Abstract: Potential Suspect Drugs of Optic Nerve Hypoplasia and Septo-Optic Dysplasia: An FDA Adverse Events Reporting Database Analysis (Ali)

Authors

Presenting Author
Ayesh Ali, BEng
Co-Authors
Abdelrahman Elhusseiny MD, Paul Phillips MD

Paper Abstract

Purpose
To identify potential teratogenic medications causing Optic Nerve Hypoplasia (ONH) and/or Septo-Optic Dysplasia (SOD), by screening the FDA Adverse Events Reporting System (FAERS) Database.

Methods
The FAERS database was queried from 2004 to Q2 2024 for ONH and SOD as adverse events. A qualitative assessment considered patient demographics and a disproportionality analysis covered pharmacovigilance signal detection and drug-event reporting frequencies.
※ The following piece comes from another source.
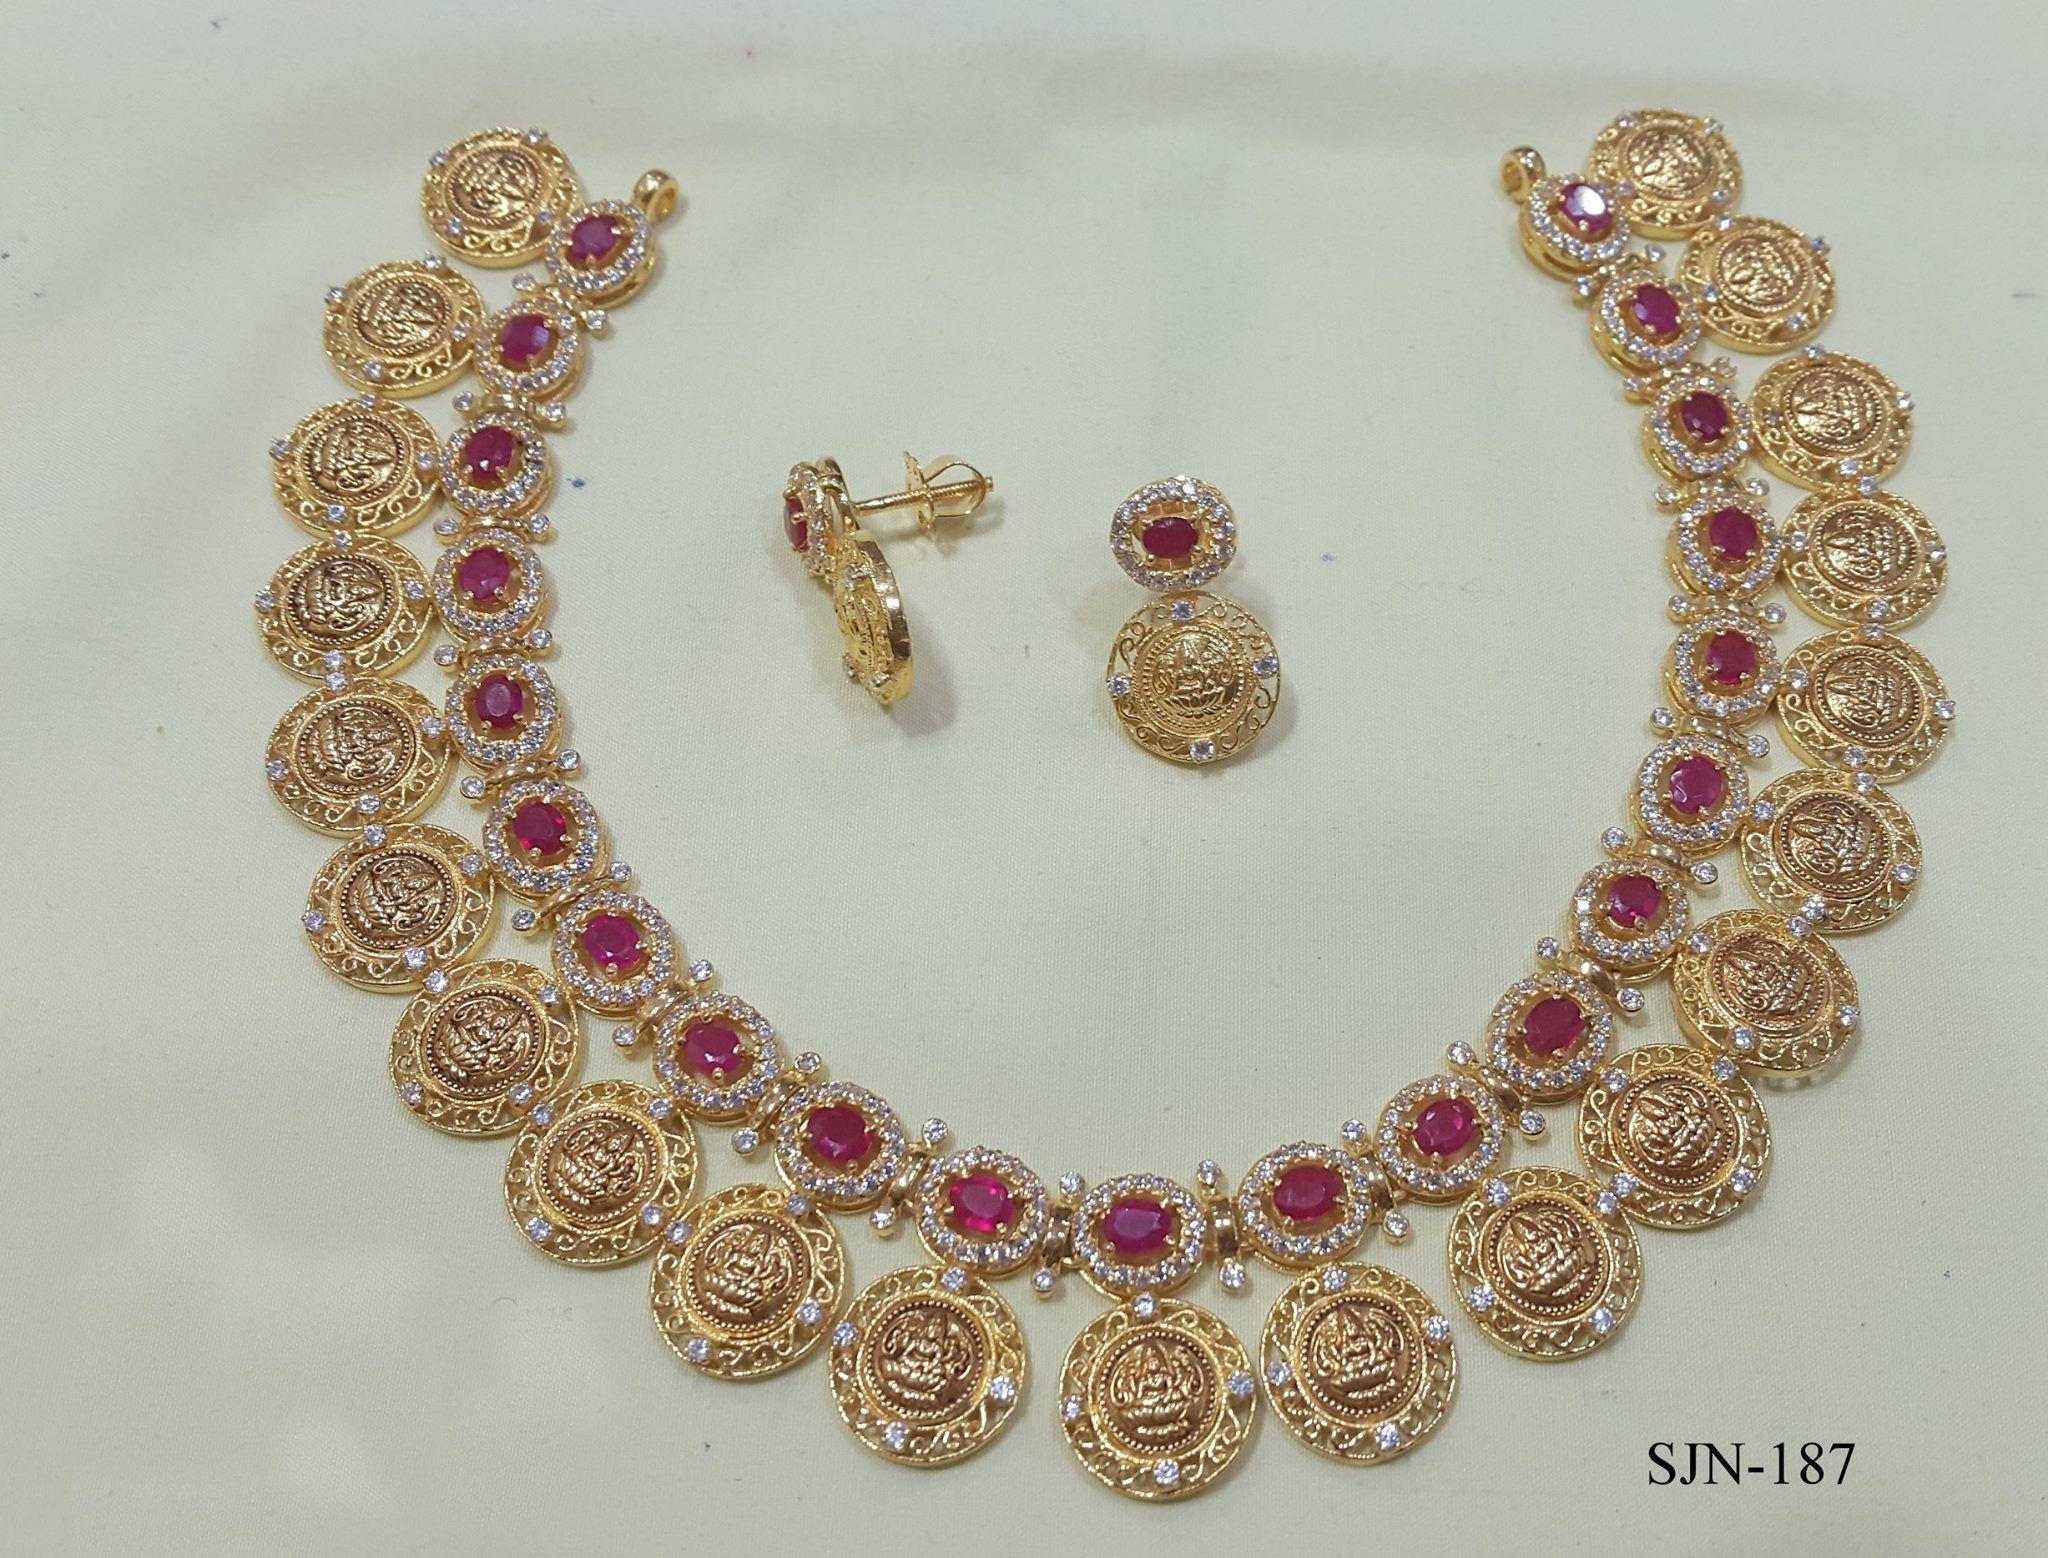 Lakshmi kasu mala necklace set in gms with red stones adorned

To ascertain if these reports yielded statistically significant signals, we used the proportional reporting ratio (PRR), Chi-squared with Yates' correction (?2), reporting odds ratio (ROR), empirical Bayes geometric mean (EBGM), and information component (IC).

Results
146 reports were identified. Only the 88 cases reporting prenatal drug exposure were included. 27 reports were males and 62 primary suspect drugs were implicated. Diazepam was the most commonly reported (n=26,15%) followed by methadone hydrochloride (n=22,13%). Positive signals were identified for these drugs: diazepam, methadone hydrochloride, propranolol hydrochloride, ondansetron hydrochloride and nitrazepam. Nitrazepam had the strongest positive signal (n=4, PRR=800, ?2=2435, ROR 95% CI:838 [307-2287], EBGM [EBGM05]:14 [3], IC [IC05]:3.16 [1.42]). Then followed by methadone hydrochloride (n=22, PRR=190, ?2=3945, ROR 95% CI: 253 [156-409], EBGM [EBGM05]: 100 [65], IC [IC05]: 5.19 [4.54]).

Conclusion
Positive signals and hence possible teratogenic causal relationship was found between five medications, 4 of which were novel associations not covered in past literature. Nitrazepam and methadone hydrochloride demonstrated the strongest positive signal. Further investigation is required to confirm this relationship and drug safety profiles.